A Bayesian approach to statistical inference has become increasing popular since the advent of increased desktop computing power and the development of tailored software. This is a really really good thing. However, I am concerned that it may, in the not very distant future, become too easy, and too much like frequentist methods as they are currently learned and used by life science undergraduate and graduate students. I am concerned that, in order to make Bayesian methods more accessible, they will be dumbed-down --made too easy-- and their value lost.
Part of the benefit of a Bayesian approach is that it more accurately reflects how Science is done. In a nutshell, the Bayesian approach consists of
  1. Prior beliefs: ideas, knowledge, and explicit assumptions about our system, 
  2. Collection of new data.
  3. Using the new data to update our beliefs.
The result of a Bayesian analysis is not a simple yes-no, significant-not significant kind of answer, but rather a probability distribution that reflects our most informed guesses about our variable of interest.

I believe that there are two potential pitfalls in the over simplification of a Bayesian analysis. I believe that the less serious of these pitfalls concerns the results, the posterior distribution of each model parameter. Each of these distributions is really a massive collection of independent guesses at the parameters of interest, given all of our assumptions and the newly collected data. Thus the result is not "an answer" but rather thousands of answers, with some answers more likely than others.

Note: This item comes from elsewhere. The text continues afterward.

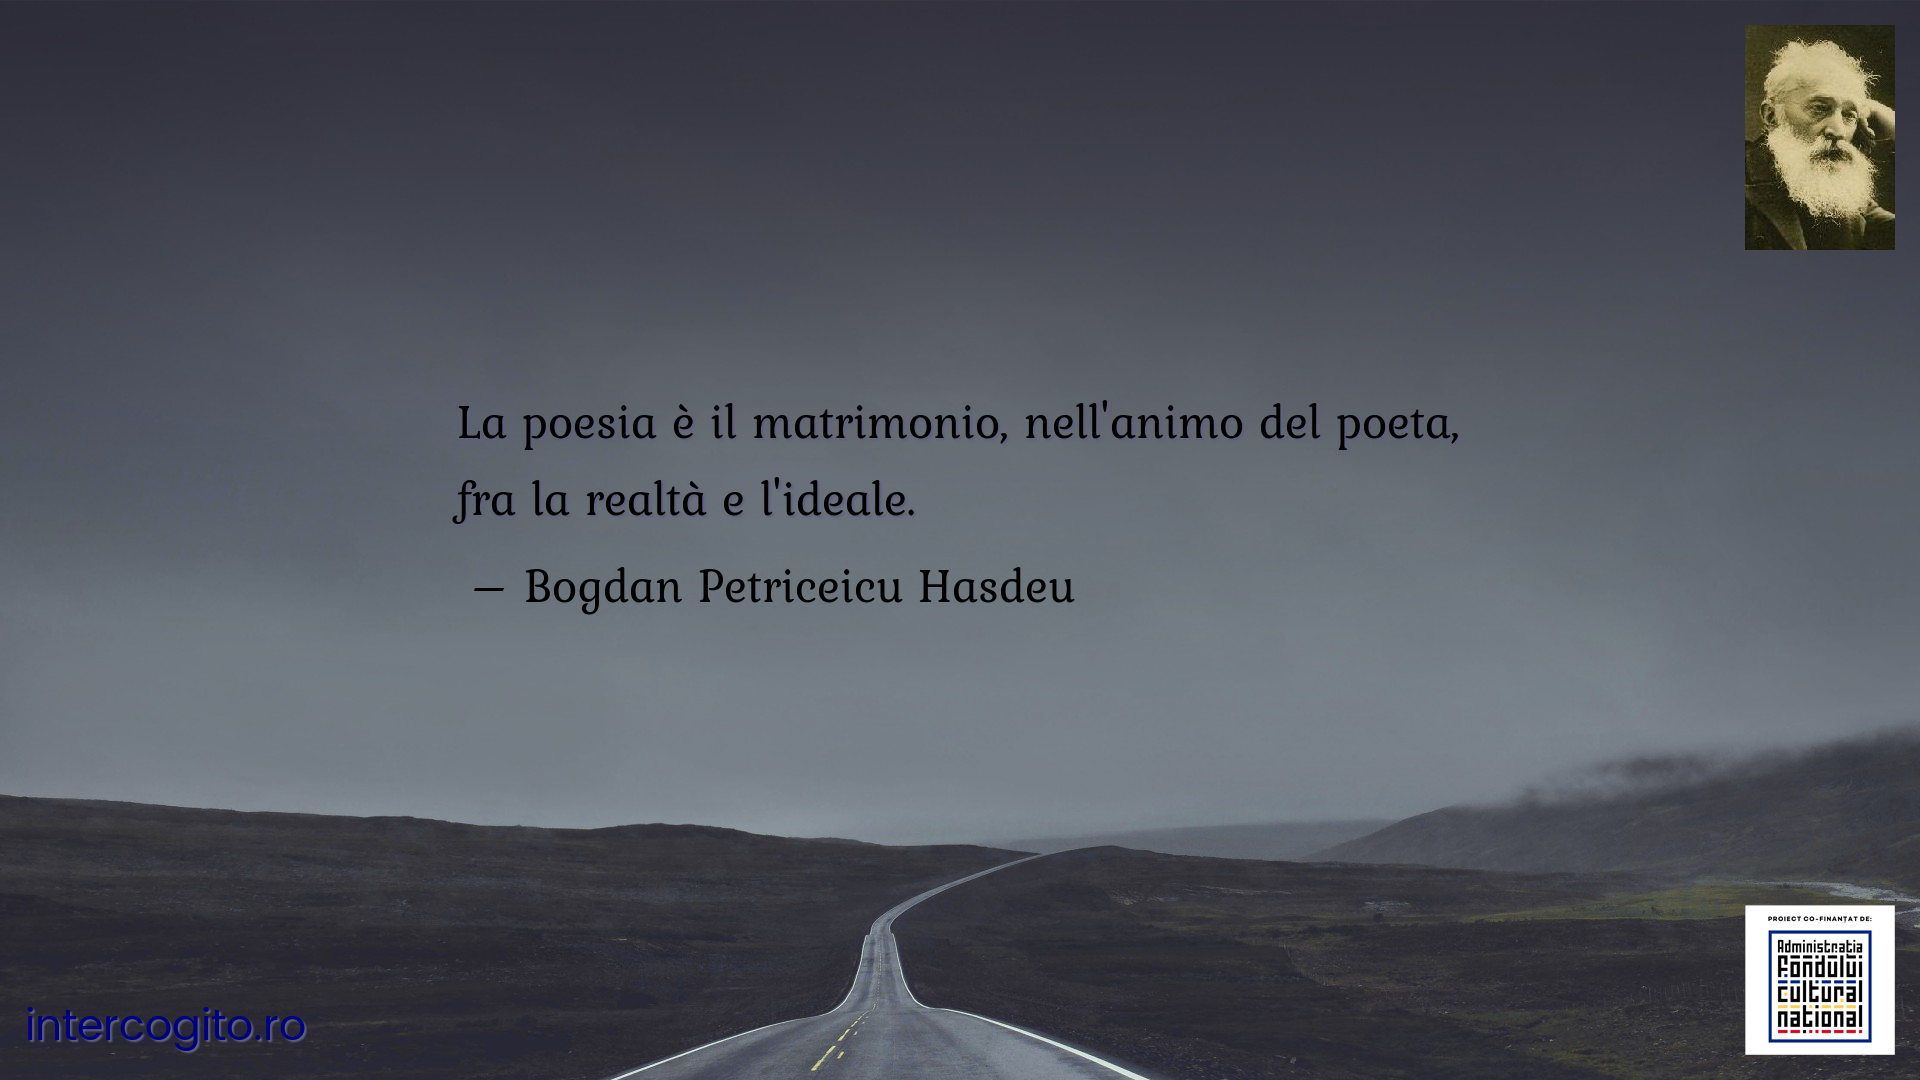 La poesia è il matrimonio, nell'animo del poeta, fra la realtà e l'ideale.

In our efforts to satisfy ourselves, editors, and readers, we may try too hard to simplify our results.

Although we may try too hard to simplify our results, I think there is a greater danger that we will try to simplify the prior knowledge and that assumptions that we start with. In my limited experience, ecologists and statisticians are very quick to fall back into the use of the "uninformative prior," as if this is somehow "unbiased." Statisticians recognize that all priors come with a point of view, so there is no such thing as an objective uninformative prior, sometimes more accurately called a reference prior. However, I see us taking the lazy route too often and using a supposedly unbiased reference prior that reduces the tendency to take seriously the literature we read. Lots of data will overwhelm a weak prior. However, it is my experience that priors derive their weakness out of our tendency to not take seriously the quantitative nature of our literature.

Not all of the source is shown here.